出産手当金

働く女性のために

出産育児一時金は働いていない女性でも支給を受けることができましたが、出産手当金は働いている人で産休を取得した女性が貰える助成金です。

健康保険法第102条にて定められている出産手当金について確認してみましょう。

対象者は?

出産手当金の支給を受けるには、産休を取得するという前提条件がありますので、現在就業中である必要があります。

また、会社の健康保険(社会保険)に加入しており、1年以上は被保険者でなければいけないという条件もあります。

支給額は?

出産手当金の支給額は、産休に入る前の標準報酬日額の、3分の2の金額を産休中の日数分となります。

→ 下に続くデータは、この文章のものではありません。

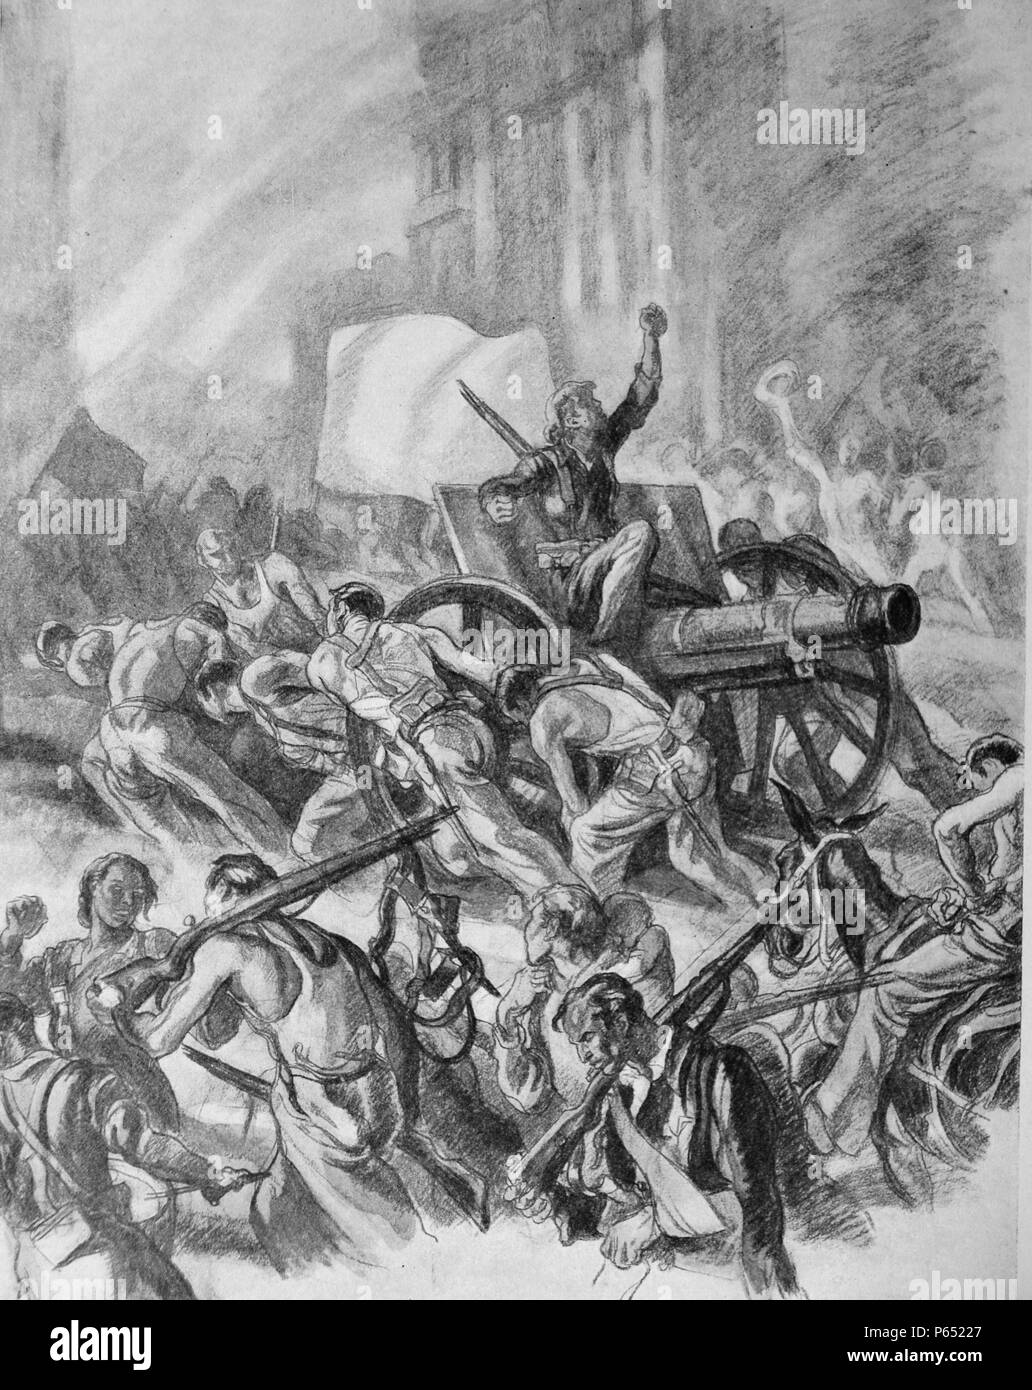 anarchy and mayhem carried out by republicans during the Spanish Civil war. Propaganda illustration by Carlos SÃ¡enz de Tejada Stock Photo

標準報酬日額とは、健康保険料などを決める際にも利用されまして、入社した時の賃金、または4月から6月までの賃金の平均などにより求められた標準報酬月額を30で割った金額となります。

産休の日数により変わる支給額

産休は人それぞれに取得する日数が違う場合があります。
産前休業を取らない人もいれば、産後休業を6週間で終了し復職する人もおります。
また、産前休業は出産日までとなりますので、予定日よりも出産が早まれば、産前休業は短く、予定日を過ぎての出産では産前休業は長くなります。

出産手当金はあくまで産休を取得した日数により、支給額が決定されますので、体調、仕事の忙しさ、受けられる支給額を考慮して計画的に産休を取得しましょう。

具体的な支給額の計算例

標準報酬月額が24万円だとし、産前休業を42日(6週間)、産後休業を56日(8週間)の計98日を取得した場合の出産手当金の支給額は以下のようになります。

標準報酬日額:240000÷30=8,000円

3分の2:8000×2÷3=5,333.33…… 50銭以上切り上げより:5334円

98日分:5334×98=522,732円

規定されている産休を全て取得した場合は、出産手当金として52万円を超える金額の支給を受けることができます。

有給の場合

産休中に給与の支払が行われている場合は、その給与の金額により出産手当金の金額がきまります。

標準報酬月額の3分の2以上の給与を貰っている場合は、出産手当金の支給を受けるコトはできません。

給与が3分の2に満たない場合は、標準報酬月額の3分の2と給与の差額を出産手当金として受け取ることができます。

手続きの仕方

手続方法としましては、まず会社の総務課などの担当窓口より申請書(健康保険出産手当金支給申請書)を受け取り、必要事項を記入します。
会社にて申請書を受け取れない場合は、管轄の社会保険事務所か、健康保険組合にて受け取ることができます。

申請書には医師による記入欄がありますので、出産に伴い入院する場合などに持っていき、担当医師に記入してもらうようにしましょう。

また事業主による記入欄がありますので、産後休業後に会社担当窓口に問い合わせし、記入してもらいましょう。

必要事項を全て記入した申請書を、会社または社会保険事務所に提出することで申請が終了します。

申請することができる期間

出産手当金は、出産した翌日から2年後までに申請することで全額支給を受けることができます。
2年間を過ぎた場合は1日ずつ支給額が減ってしまいます。

退職時の出産手当金

2007年4月より制度が変更され、産休中に健康保険に加入している女性に限り受け取ることができる出産手当金ですが、それ以前は退職後6ヶ月以内に出産した人や、退職後も健康保険を任意継続していた人も支給を受けることができました。

依然として多い出産による解雇

法律で禁止されているので、出産、産休を原因として直接解雇は行われませんが、退職を勧めてきたりということは現在も多く行われているそうです。

復職の意志があるにも関わらず退社に追い込まれそうな場合は、労働局へ相談することをお勧めしますが、出産を期に退職を考えている人は、産休を取得できるかにより、出産手当金の支給を受けられるのかが変わってきます。

退社しつつ出産手当金を貰う方法

健康保険法第104条に出産手当金の継続給付に関する条文がありまして、健康保険の資格を喪失する前に、出産手当金の支給を受けている場合には、継続して出産手当金の給付を受けることができると記述されております。

出産手当金の支給対象日は出産予定日の42日前からになりますので、産休を1日でも取得することができ、その後退社した場合には、出産手当金の支給を受けることができるのです。

会社が産休後の退社を認めてくれるかは相談次第となりますが、上記のことを考慮し退社するか継続して働くか検討してみてはいかがでしょうか。